Twistronics versus straintronics in twisted bilayers of graphene and transition metal dichalcogenides

TL;DR

This paper develops an analytical framework to understand how strain affects the electronic flat bands in twisted bilayers of graphene and TMDs, providing insights into tuning their electronic properties near the magic angle.

Contribution

It derives the low-energy Hamiltonian for strained twisted bilayers of graphene and TMDs, offering analytical expressions for strain effects on Dirac velocities and flat band emergence.

Findings

Strain modifies Dirac velocities and flat band conditions.

Strain can adjust twist angles towards the magic angle.

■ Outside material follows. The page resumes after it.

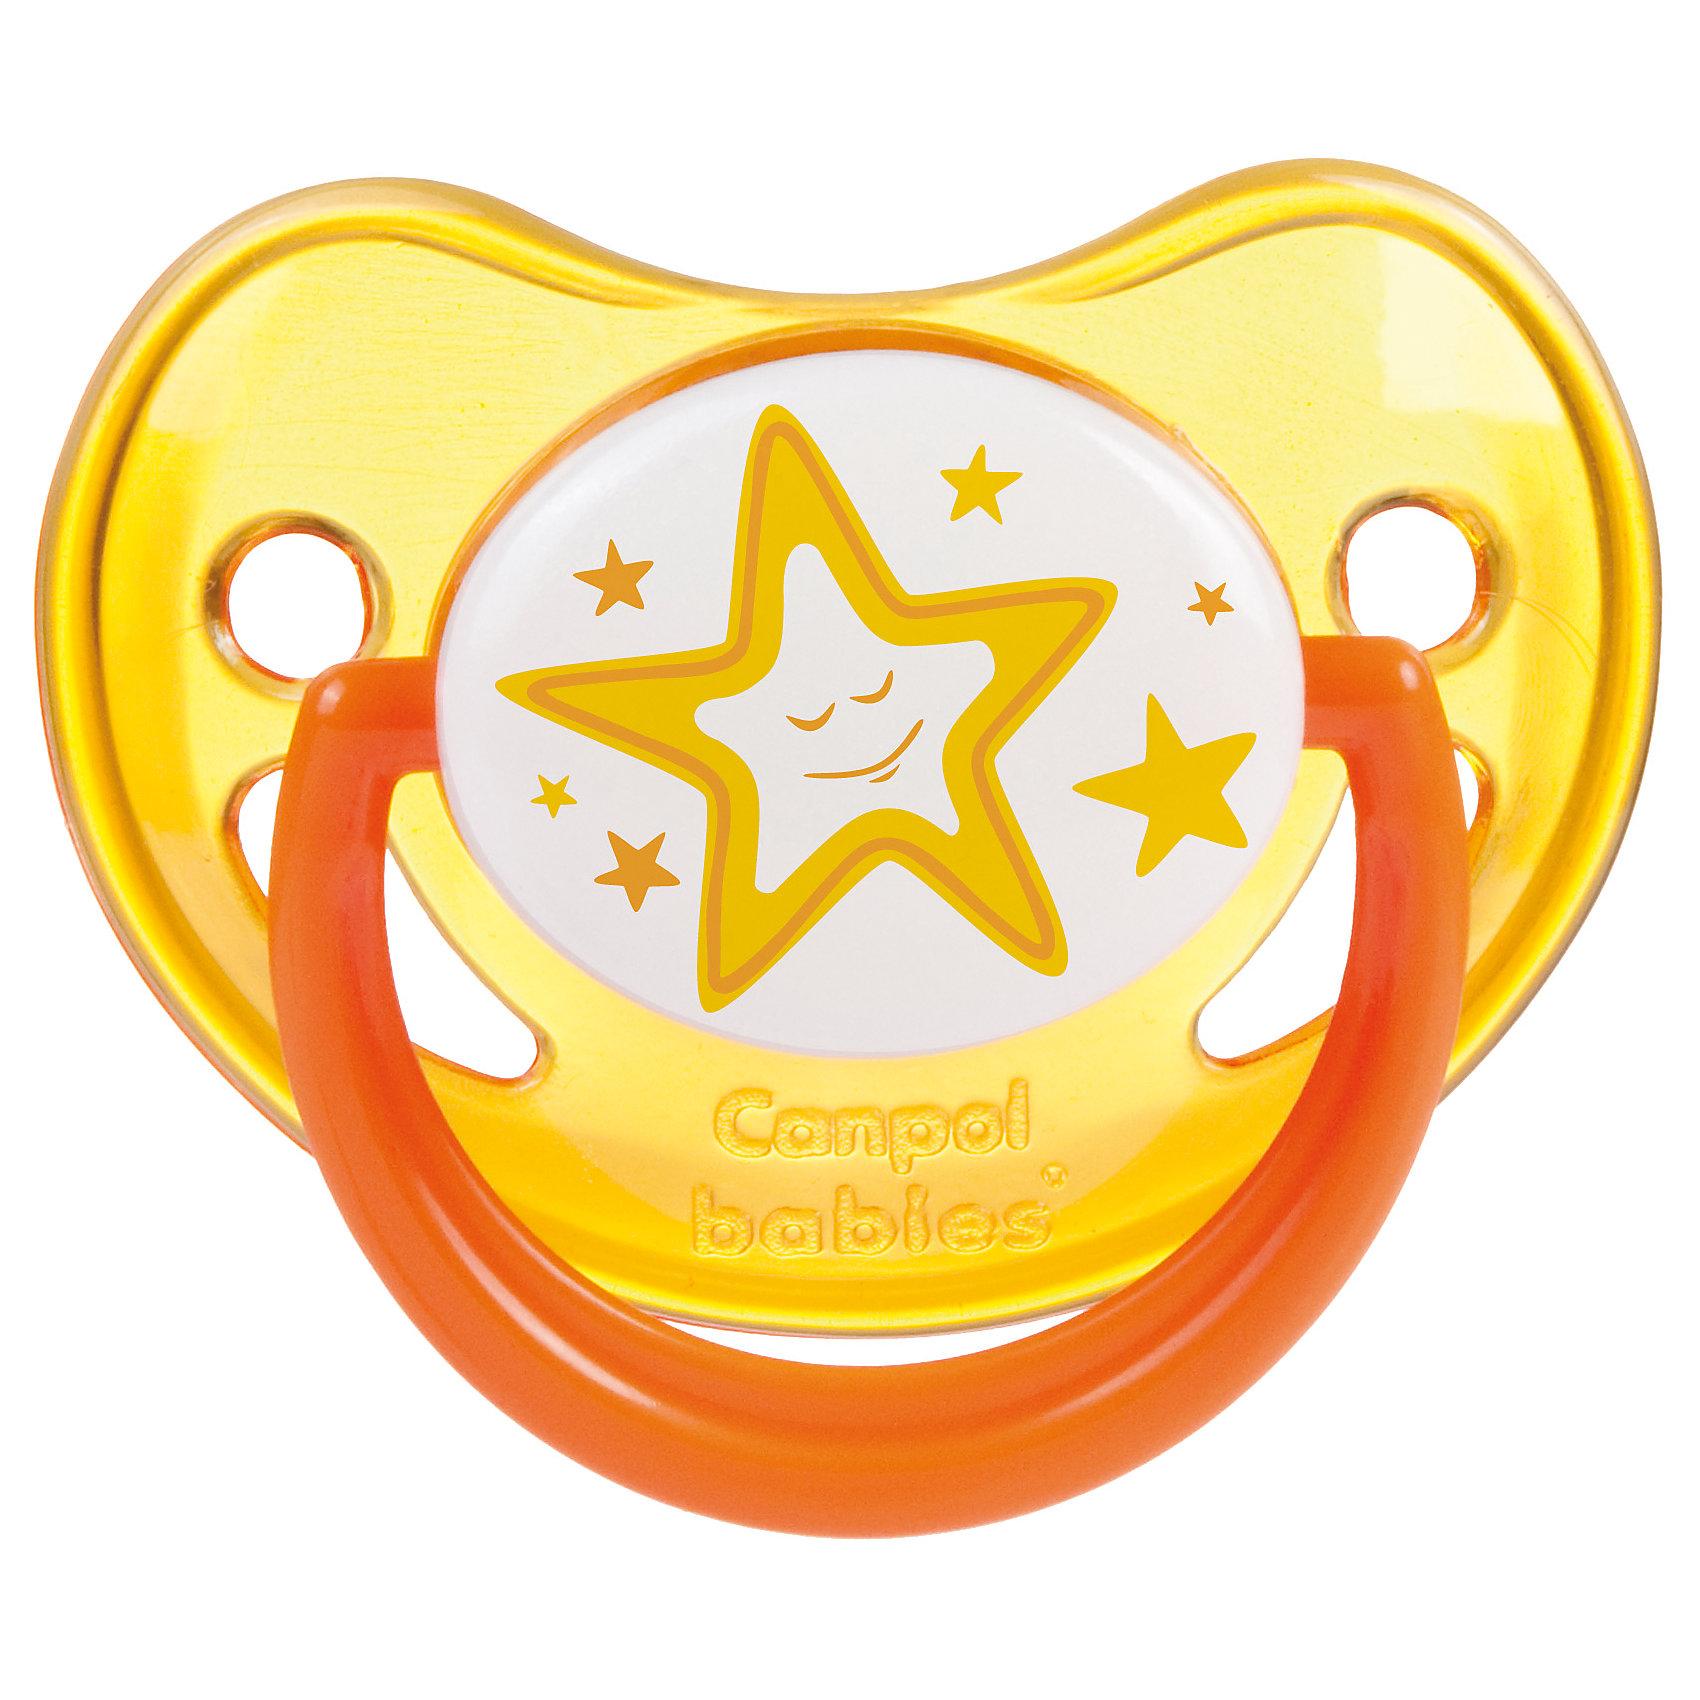 Пустышка анатомическая силиконовая, 0-6 Night Dreams, Canpol Babies, желтыйПустышки из силикона<br>Характеристики:<br><br>• Наименование: пустышка<br>• Пол: универсальный<br>• Материал: силикон, пластик<br>• Цвет: желтый, белый<br>• Форма: анатомическая<br>• Наличие отверстий для вентиляции<br>• Наличие кольца для держателя<br>• Особенности ухода: регулярная стерилизация и своевременная замена<br><br>Пустышка анатомическая силиконовая, 0-6 Night Dreams, Canpol Babies, желтый имеет специальную форму, которая обеспечивает правильное давление на небо. Изготовлена из запатентованного вида силикона, который не имеет запаха. При правильном уходе обеспечивает длительное использование. У соски имеется классический ограничитель с отверстиями для вентиляции и кольцо для держателя, которое светится в темноте. Пустышка анатомическая силиконовая, 0-6 Night Dreams, Canpol Babies, желтый выполнена в ярком дизайне с изображением звезд.<br><br>Пустышку анатомическую силиконовую, 0-6 Night Dreams, Canpol Babies, желтую можно купить в нашем интернет-магазине.<br><br>Ширина мм: 95<br>Глубина мм: 45<br>Высота мм: 155<br>Вес г: 110<br>Возраст от месяцев: 0<br>Возраст до месяцев: 6<br>Пол: Унисекс<br>Возраст: Детский<br>SKU: 5156610

Analytical results align with numerical and experimental data.

Abstract

Several numerical studies have shown that the electronic properties of twisted bilayers of graphene (TBLG) and transition metal dichalcogenides (TMDs) are tunable by strain engineering of the stacking layers. In particular, the flatness of the low-energy moir\'e bands of the rigid and the relaxed TBLG was found to be, substantially, sensitive to the strain. However, to the best of our knowledge, there are no full analytical calculations of the effect of strain on such bands. We derive, based on the continuum model of moir\'e flat bands, the low-energy Hamiltonian of twisted homobilayers of graphene and TMDs under strain at small twist angles. We obtain the analytical expressions of the strain-renormalized Dirac velocities and explain the role of strain in the emergence of the flat bands. We discuss how strain could correct the twist angles and bring them closer to the magic angle $\theta_m\sim1.05^{\circ}$ of TBLG and how it may reduce the widths of the lowest-energy bands at charge neutrality of the twisted homobilayer of TMDs. The analytical results are compared with numerical and experimental findings and also with our numerical calculations based on the continuum model.